The intertwined histories of Sadie, Iris, and Isabella crystallize the theme of Inherited Trauma and the Pathology of Female Pain. The revelation of Wilkinson’s paternity of both Iris and Isabella reveals how patriarchal structures impose generational costs on women while leaving male transgressors largely unscathed. Sadie’s decades-long affair with Wilkinson, facilitated by medical professionals and hidden behind the respectable facade of tennis matches, exemplifies how these same patriarchal structures force women to pursue desire through deception and subterfuge. Her subsequent lobotomy—performed on the behest of her husband to control her “hysteria”—was an act of medical violence cloaked in therapeutic intent and was part of a broader pattern of silencing female resistance. Isabella’s protective instincts toward her mother, despite Sadie’s hatred and violence toward her, illustrate how trauma bonds are transmitted across generations. The novel suggests that these cycles of secrecy and trauma are not random pathologies but systemic responses to a society that punishes women for their desires and agency.

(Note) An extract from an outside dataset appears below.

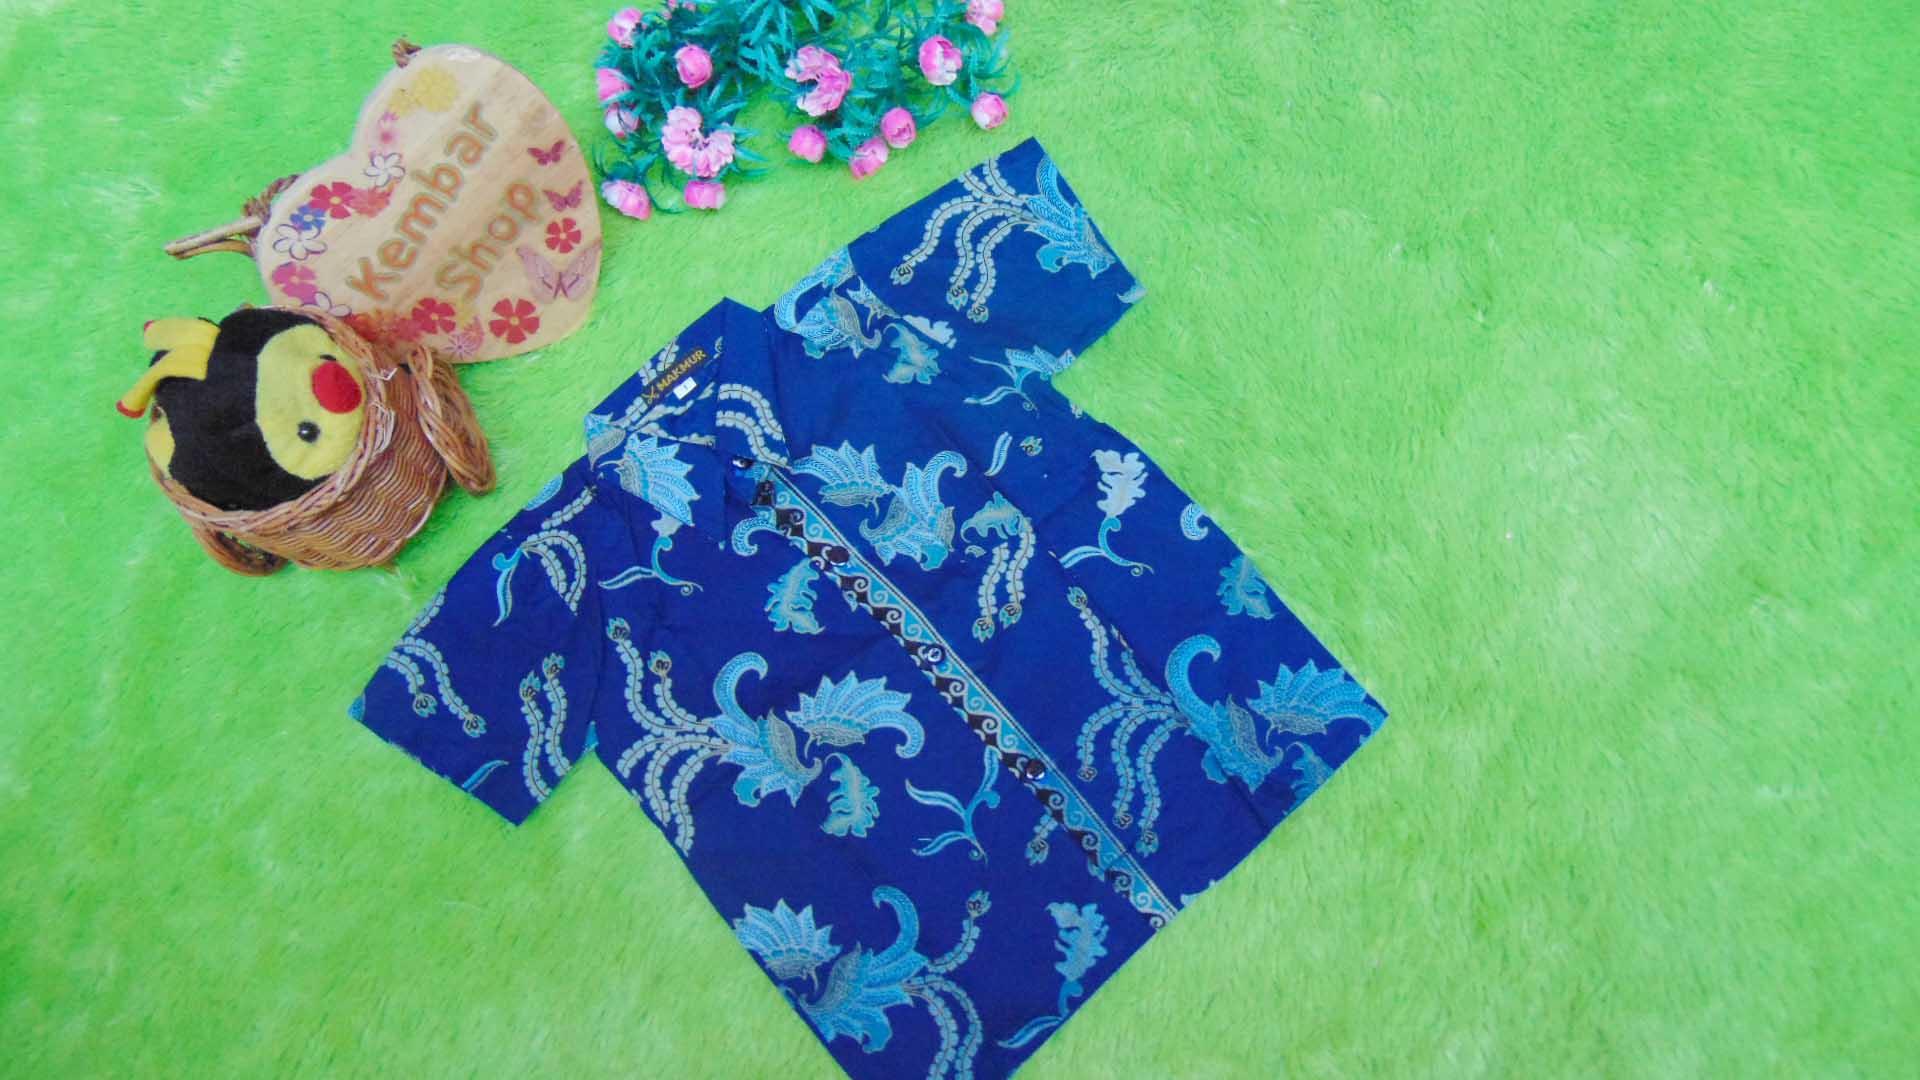 baju batik bayi anak laki-laki kemeja batik batita hem anak cowok uk 1-3th baju pesta motif sesuluran
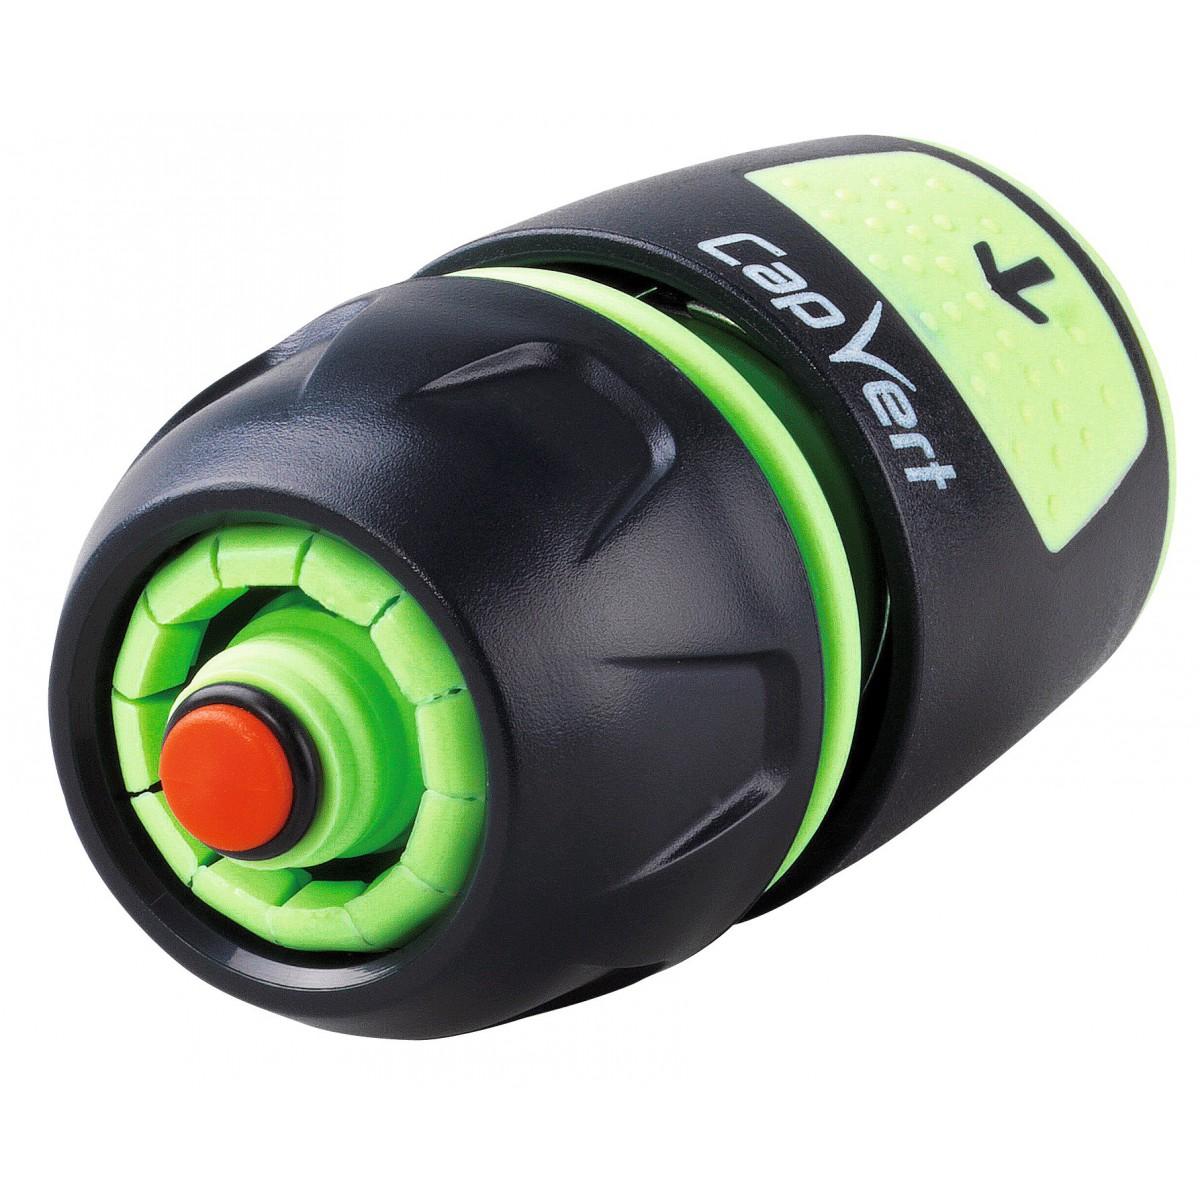 Raccord rapide stop universel Cap Vert - Diamètre 13 - 15 - 19 mm

Sullivan’s decision to destroy the fingerprint evidence represents a critical examination of moral corruption and ethical boundaries within law enforcement. His rationalization that he “manufactured” the evidence by allowing Isabella to handle the gun reveals how quickly moral justifications can erode under emotional pressure. The act transforms Sullivan from a principled investigator into a co-conspirator, demonstrating how personal attachment can compromise professional integrity. This moment connects him to the broader theme of institutional corruption, where Doogan’s race-baiting tactics and willingness to employ torture represent the systematic abuse of power within the justice system. The novel suggests that corruption operates not just through overt criminality but through the gradual erosion of ethical standards, where each compromise makes the next transgression easier to justify.